Mike Davies discovers Meryl Streep is a super trouper.

Having spent almost a decade persuading Benny Andersson and Bjorn Ulvaeus that she wasn’t looking to either do an ABBA tribute show or tell the band’s story, in 1995 producer Judy Craymer finally convinced them to let her use their songs for a stage musical.

Four years later on April 6, the same date ABBA had won the Eurovision Song Contest in 1976, Mamma Mia! opened at the Prince Edward Theatre in London, hitting Broadway in the October of 2001. Since then it has gone on to become theatre history.

One of the longest-running Broadway plays in Las Vegas, there have been 20 different productions in over 170 major cities around the globe, nine still running, and it’s been seen by more than 30 million people. Even today some 17,000 see it every night.

Now it finally makes it to the big screen, reuniting Craymer with the writer of the show’s book, Catherine Johnson, providing the screenplay, and its director, Phyllida Lloyd.

There have been a few tweaks and, not gelling with the revised romantic slant of the plot, some songs didn’t make it across, but otherwise this is the stage show writ large.

About to marry, never having known who her father was, Sophie secretly invites the three potential candidates, all of whom had a thing with her mother, Donna, 20 years earlier, to her wedding.

When mom finds out, she’s both horrified but also finds old flames rekindled, to the tune of some of ABBA’s greatest songs.

In an inspired choice of casting, Donna is played by two time Oscar winner (and multiple nominee) Meryl Streep who, as anyone who saw her belting out country songs in A Prairie Home Companion will know, has a very respectable set of pipes.

Indeed, her cinematic musical debut dates back to 1983 when she sang Amazing Grace (which was even released as a single) and duetted with Cher on Pretty Little Horses Lullaby for the film soundtrack. She also sings, either on screen or on the soundtrack, in Postcards From Edge, Heartburn, Ironweed and Death Becomes Her, but this is her first full-on film musical. However, as she says, she’s no stranger to the form.

“My first Broadway show was Happy End and I did a lot of musicals in high school (at 15 she received a standing ovation playing the librarian in The Music Man), so it was more like coming home to something I’ve always loved.”

She was, too, already a big fan of Mamma Mia!

“I saw it in New York right after it opened,” she recalls. “I was looking to find something for my 10 year old’s birthday party and wondering what to do with all these kids. I saw an ad in the New York Times for this new British musical saying it was ‘buoyant fun’. It was just after 9/11 and everyone was feeling low, so I thought ‘I’m there!’.”

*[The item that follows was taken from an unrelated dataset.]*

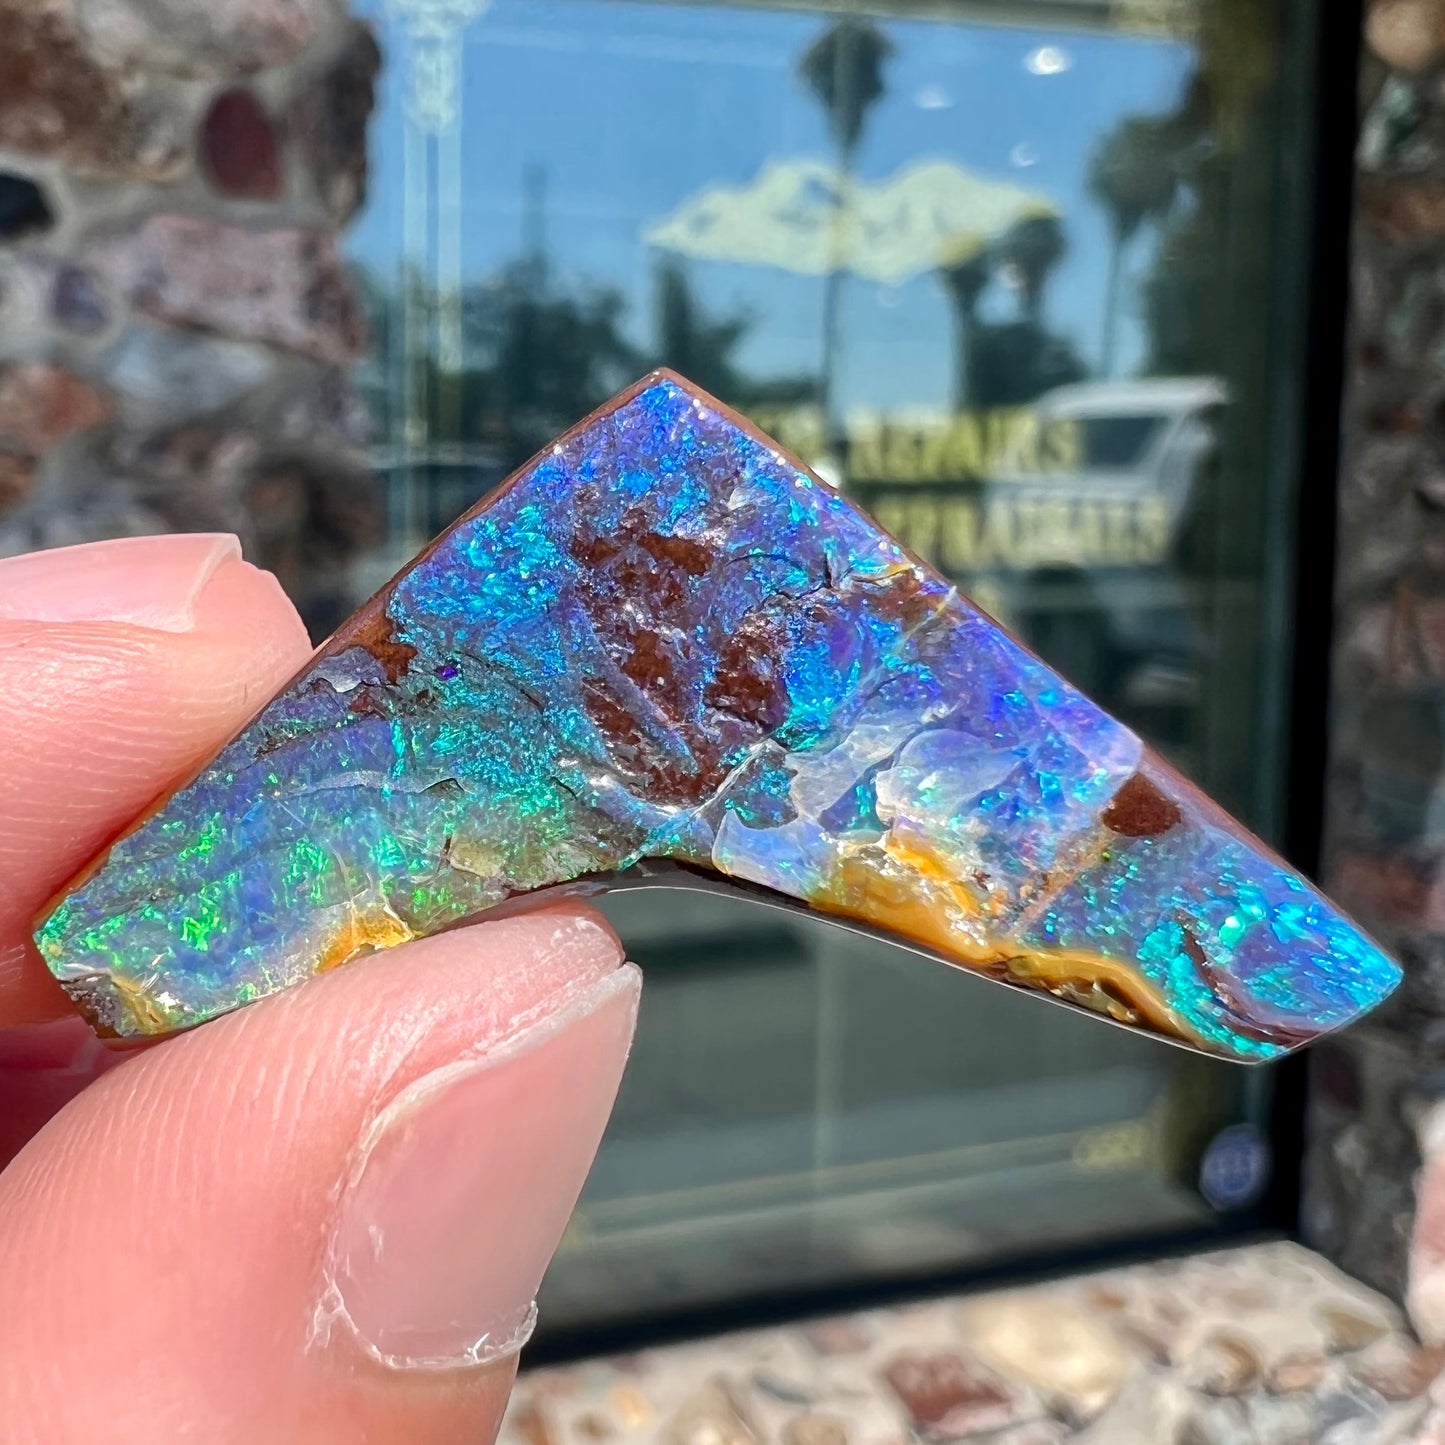 A loose, boomerang shaped boulder opal stone from Quilpie, Australia.  The stone is predominantly blue and green.
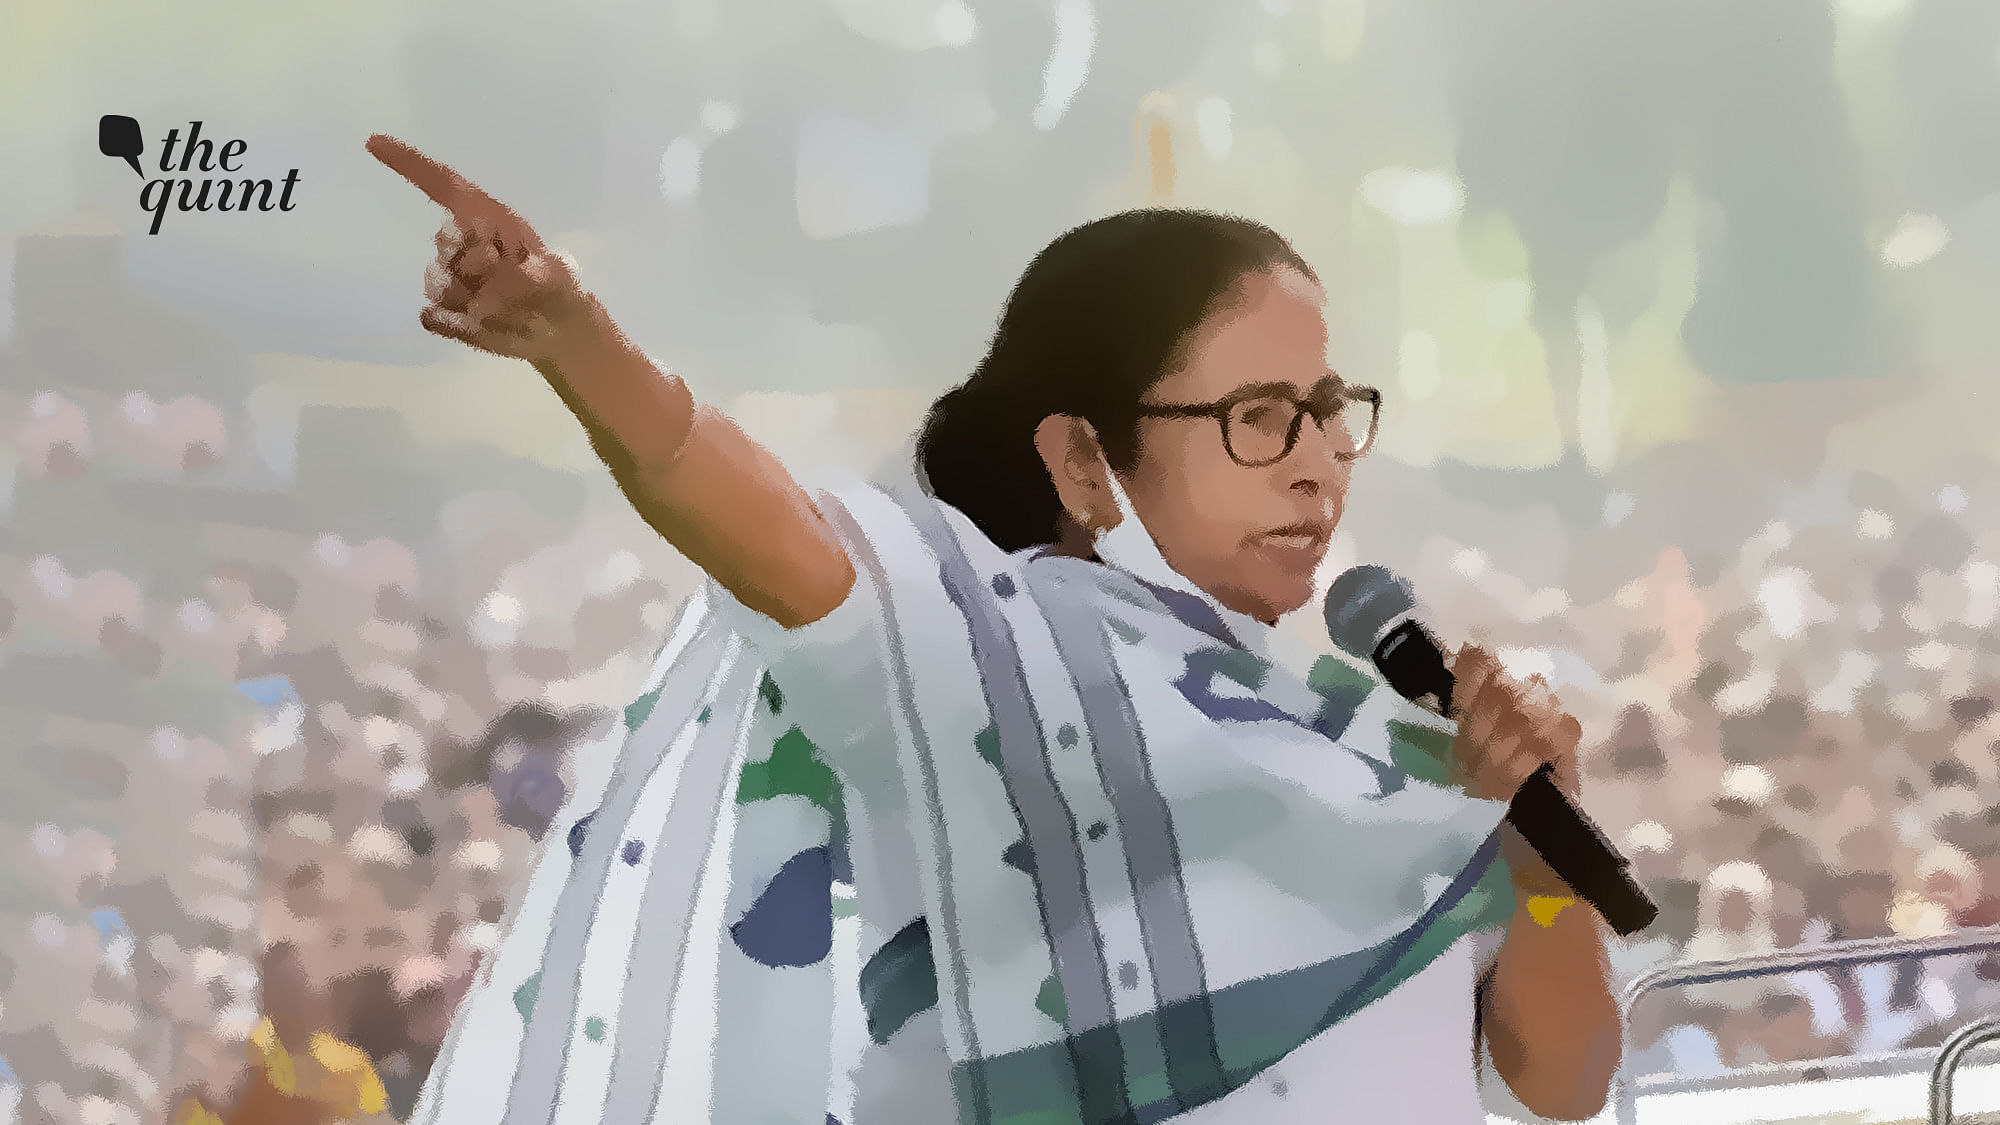 <div class="paragraphs"><p>West Bengal Chief Minister and Trinamool Congress (TMC) supremo Mamata Banerjee will visit Delhi from 26-29 July. She is scheduled to meet PM Modi during the visit.</p></div>

While co-star Colin Firth describes how he, Pierce Brosnan, Stellan Skarsgard were filled with blind terror at the prospect of not just singing but working with Benny and Bjorn (“I’d heard they were hard taskmasters and I imagined myself in floods of tears as they shook their heads and demanded another take”), Streep had no such worries.

“In drama school we used to use ABBA songs to rev everyone up for dance class, so I had no problem reinserting myself into the moment. I must have sung them 100s of times but I never got sick of the songs.”

Even so, filming in both Pinewood and Greece (“far nicer”), she cheerfully confesses it was probably harder work than she’d expected.

“I was told that I was going to climb up the goat house wall while singing Mamma Mia! I thought, ‘How big could a goat house be?’ The goat house turned out to be this sheer wall. I was basically doing a Spider-Man stunt, and I got in shape really quickly.”

Wall-climbing was nothing compared to mounting the Voulez-Vous sequence.

“It’s the only number in the film where the whole cast is dancing at once,” she explains. “It was so hard to do on set. The song’s also a lot trickier than I thought when I first sang along to it on the radio, and that made me appreciate how sharp it is so much more.

“We spent three weeks in the Pinewood barn rehearsing it before we began shooting. It was all we thought about and it was everyone’s bete noir. In the film it goes by so fast, but we were all out of breath and when they’re playing the disco lights eight hours a day, the migraine soon sets in!”

Hard work but, she beams, still great fun and integral to the cast bonding process, something that infectiously comes across on screen. For Streep, that sense of joy was essential to the success of the whole project and, most importantly, not disappointing the songs creators or the Mamma Mias that have gone before.

“Benny and Bjorn were there with us all the time, when we did the pre-recordings and when we sang live with the body mics. They were very generous in letting us own the songs as long as we were exact on the words and the timing.

“I’m really doing this to embarrass my 20-something-year-old children. The dancing part will mortify them.

“Just the overalls will do it. And when my son sees me in the white spandex, he’ll be appalled!”